There are also approaches involving writing in a Python-like language, but one that can be compiled down (Cython), approaches around trying to compile Python directly with a JIT into something that under the hood is no longer using CPython's interpretation structure (PyPy), and other interesting hybrid approaches.
CPython is generally a slow language, but it isn't always a big deal in practice because if you write Python code where a reasonable amount of most lines you write go out to faster code, the slowness of Python itself is no big deal. For example, you can write decent, performant image manipulation code in Python as long as you're stringing together image manipulation commands to some underlying library, because in that case, for each "expensive" Python opcode, you're doing a lot of "real work" at max speed. I scare-quote "expensive" because in that case, the Python opcodes may be a vanishing percentage of the cost of the work. The problem with numerical manipulation in pure CPython is that it swings the other way; each Python opcode requires many assembly-level instructions to implement, but it's inefficient to run all those instructions just to add two integers together, a single assembly opcode.
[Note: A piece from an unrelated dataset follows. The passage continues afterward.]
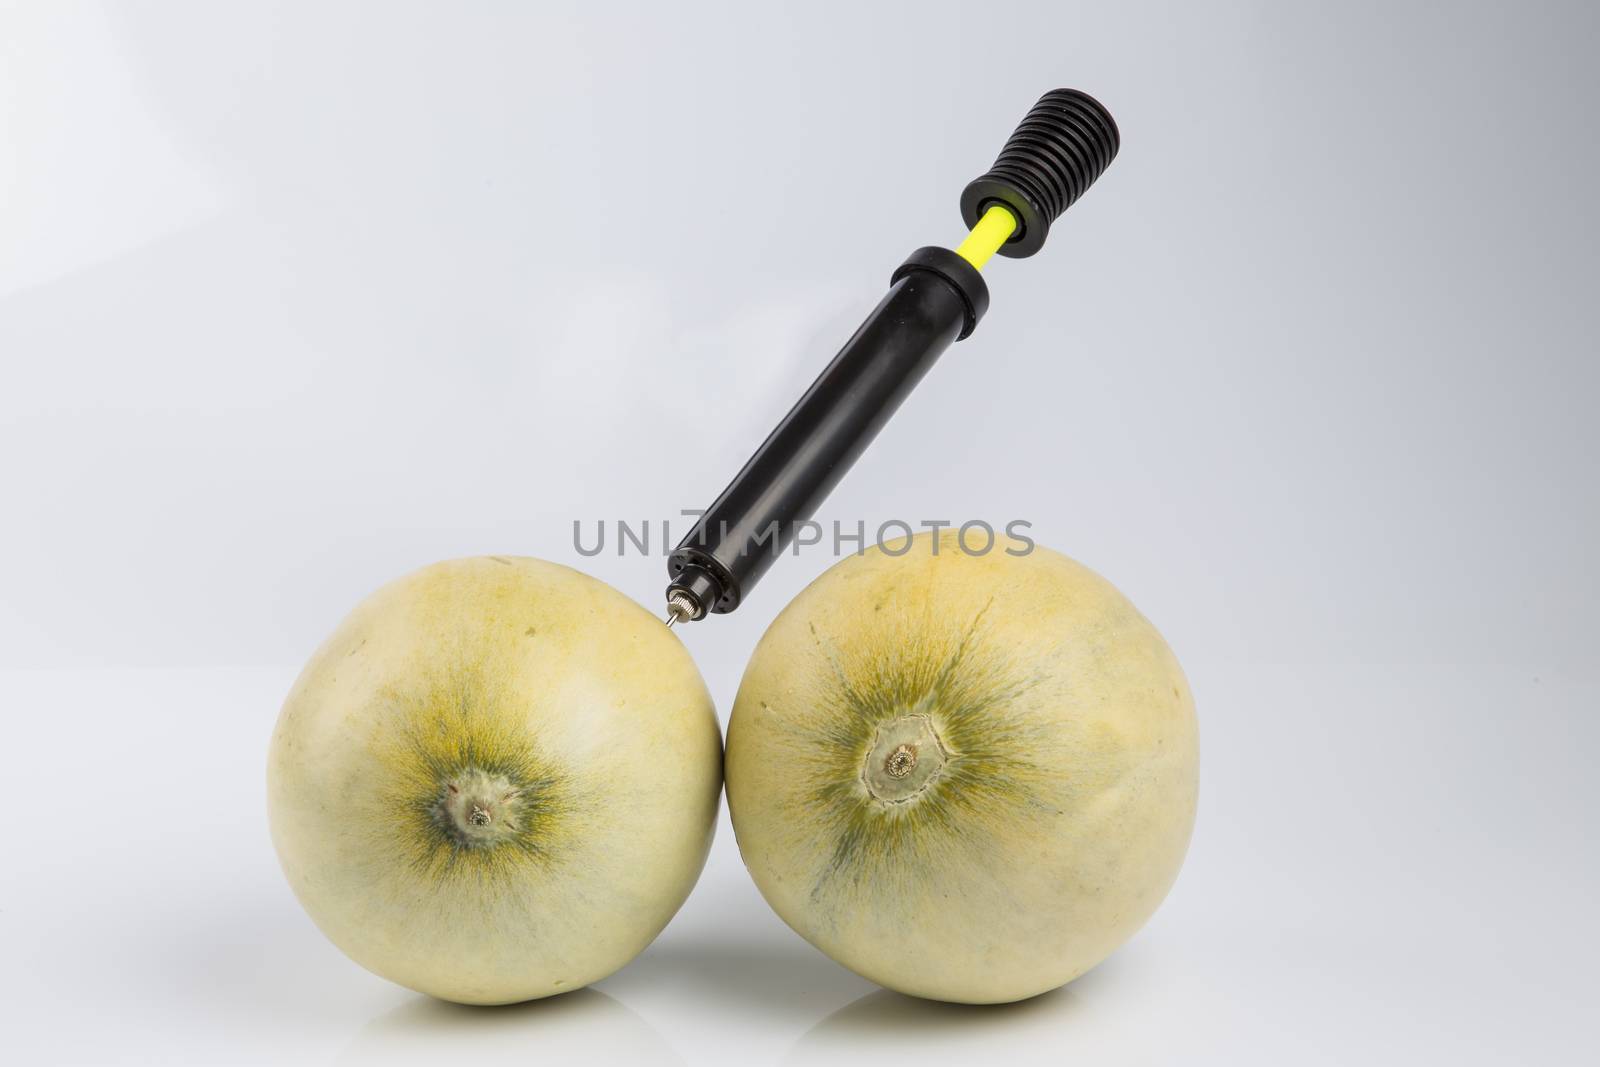 Cosmetic treatment  for Female breasts metaphor: melons air pumped  by bicycle pump meaning cosmetic and health treatment

Arguably the dominant factor in sitting down with any programming language and writing reasonably perfomant code on your first pass is understanding the relative costs of things and just being careful not to write code that unnecessarily amplifies the costs of doing the "real work" with too much bookkeeping. The same 1000 cycle's worth of "bookkeeping" can be anything from a total irrelevancy if your "payload" for that bookkeeping is many millions of cycles worth of work, to a crippling amplified slowdown if your payload is only one cycle's worth of work. Even a "fast" language like C++ can be brought to a crawl if you manage to use enough abstractions and bounce through enough non-inlinable method calls and through the requisite creation and teardown of function frames, etc. just to add two numbers together, and then do it all again a few million times.